From: Alexey Kardashevskiy <aik@ozlabs.ru>
To: Alex Williamson <alex.williamson@redhat.com>
Cc: linuxppc-dev@lists.ozlabs.org,
Gavin Shan <gwshan@linux.vnet.ibm.com>,
kvm@vger.kernel.org, linux-kernel@vger.kernel.org
Subject: Re: [PATCH v2 13/13] vfio: powerpc/spapr: Enable Dynamic DMA windows
Date: Fri, 10 Oct 2014 20:33:31 +0200 [thread overview]
Message-ID: <5438267B.3080901@ozlabs.ru> (raw)
In-Reply-To: <1411509370.24563.35.camel@ul30vt.home>
On 09/23/2014 11:56 PM, Alex Williamson wrote:
> On Tue, 2014-09-23 at 13:01 +1000, Alexey Kardashevskiy wrote:
>> This defines and implements VFIO IOMMU API which lets the userspace
>> create and remove DMA windows.
>>
>> This updates VFIO_IOMMU_SPAPR_TCE_GET_INFO to return the number of
>> available windows and page mask.
>>
>> This adds VFIO_IOMMU_SPAPR_TCE_CREATE and VFIO_IOMMU_SPAPR_TCE_REMOVE
>> to allow the user space to create and remove window(s).
>>
>> The VFIO IOMMU driver does basic sanity checks and calls corresponding
>> SPAPR TCE functions.

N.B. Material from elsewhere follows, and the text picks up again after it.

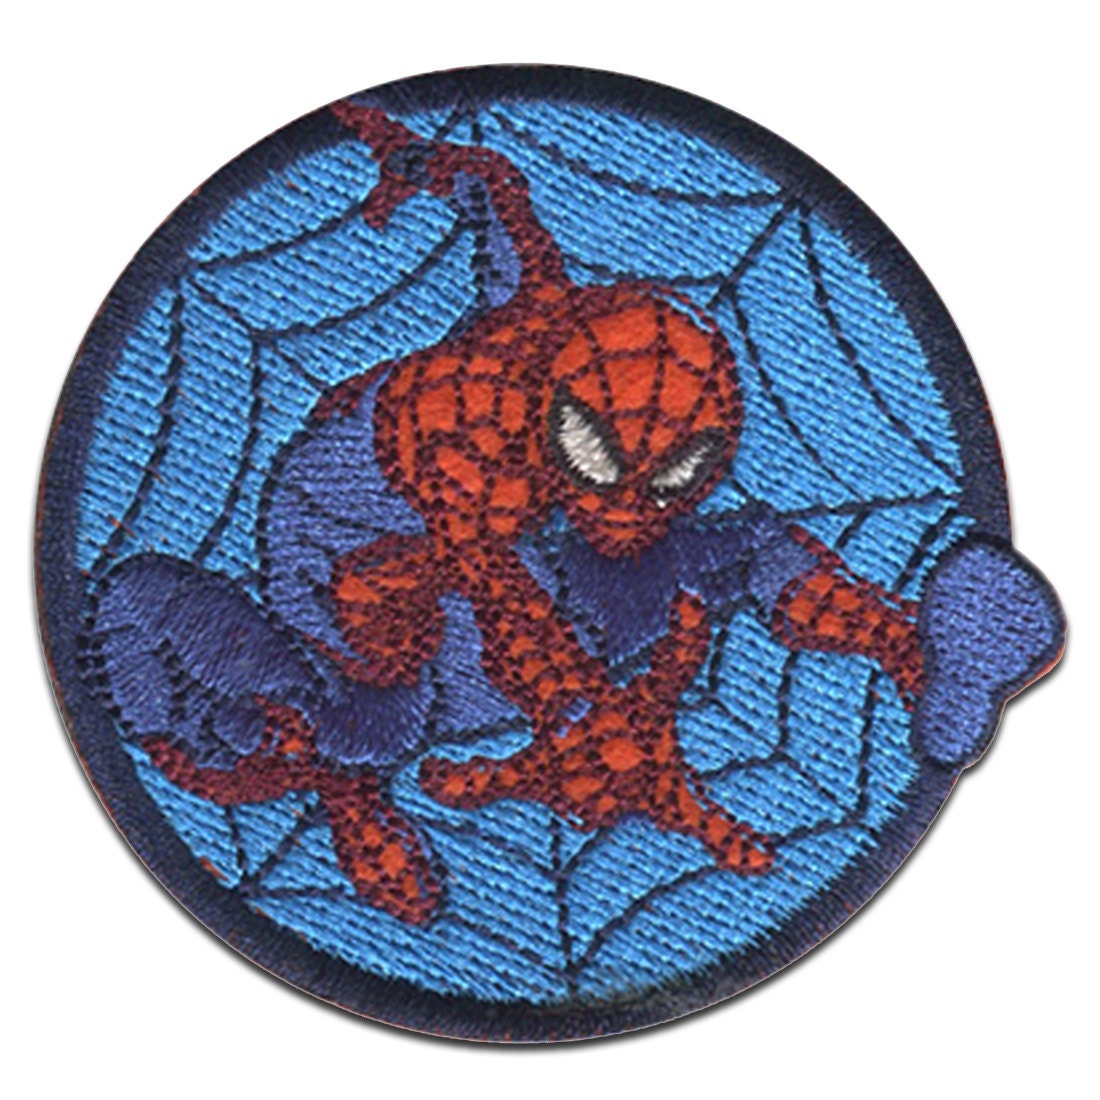 Marvel © Spiderman Comic Spider Web Button Iron on Patches, Size 2

At the moment only IODA2 (POWER8 PCI host bridge)
>> implements them.
>>
>> This advertises VFIO_IOMMU_SPAPR_TCE_FLAG_DDW capability via
>> VFIO_IOMMU_SPAPR_TCE_GET_INFO.
>>
>> This calls platform DDW reset() callback when IOMMU is being disabled
>> to reset the DMA configuration to its original state.
>>
>> Signed-off-by: Alexey Kardashevskiy <aik@ozlabs.ru>
>> ---
>> drivers/vfio/vfio_iommu_spapr_tce.c | 135 ++++++++++++++++++++++++++++++++++--
>> include/uapi/linux/vfio.h | 25 ++++++-
>> 2 files changed, 153 insertions(+), 7 deletions(-)
>>
>> diff --git a/drivers/vfio/vfio_iommu_spapr_tce.c b/drivers/vfio/vfio_iommu_spapr_tce.c
>> index 0dccbc4..b518891 100644
>> --- a/drivers/vfio/vfio_iommu_spapr_tce.c
>> +++ b/drivers/vfio/vfio_iommu_spapr_tce.c
>> @@ -190,18 +190,25 @@ static void tce_iommu_disable(struct tce_container *container)
>>
>> container->enabled = false;
>>
>> - if (!container->grp || !current->mm)
>> + if (!container->grp)
>> return;
>>
>> data = iommu_group_get_iommudata(container->grp);
>> if (!data || !data->iommu_owner || !data->ops->get_table)
>> return;
>>
>> - tbl = data->ops->get_table(data, 0);
>> - if (!tbl)
>> - return;
>> + if (current->mm) {
>> + tbl = data->ops->get_table(data, 0);
>> + if (tbl)
>> + decrement_locked_vm(tbl);
>>
>> - decrement_locked_vm(tbl);
>> + tbl = data->ops->get_table(data, 1);
>> + if (tbl)
>> + decrement_locked_vm(tbl);
>> + }
>> +
>> + if (data->ops->reset)
>> + data->ops->reset(data);
>> }
>>
>> static void *tce_iommu_open(unsigned long arg)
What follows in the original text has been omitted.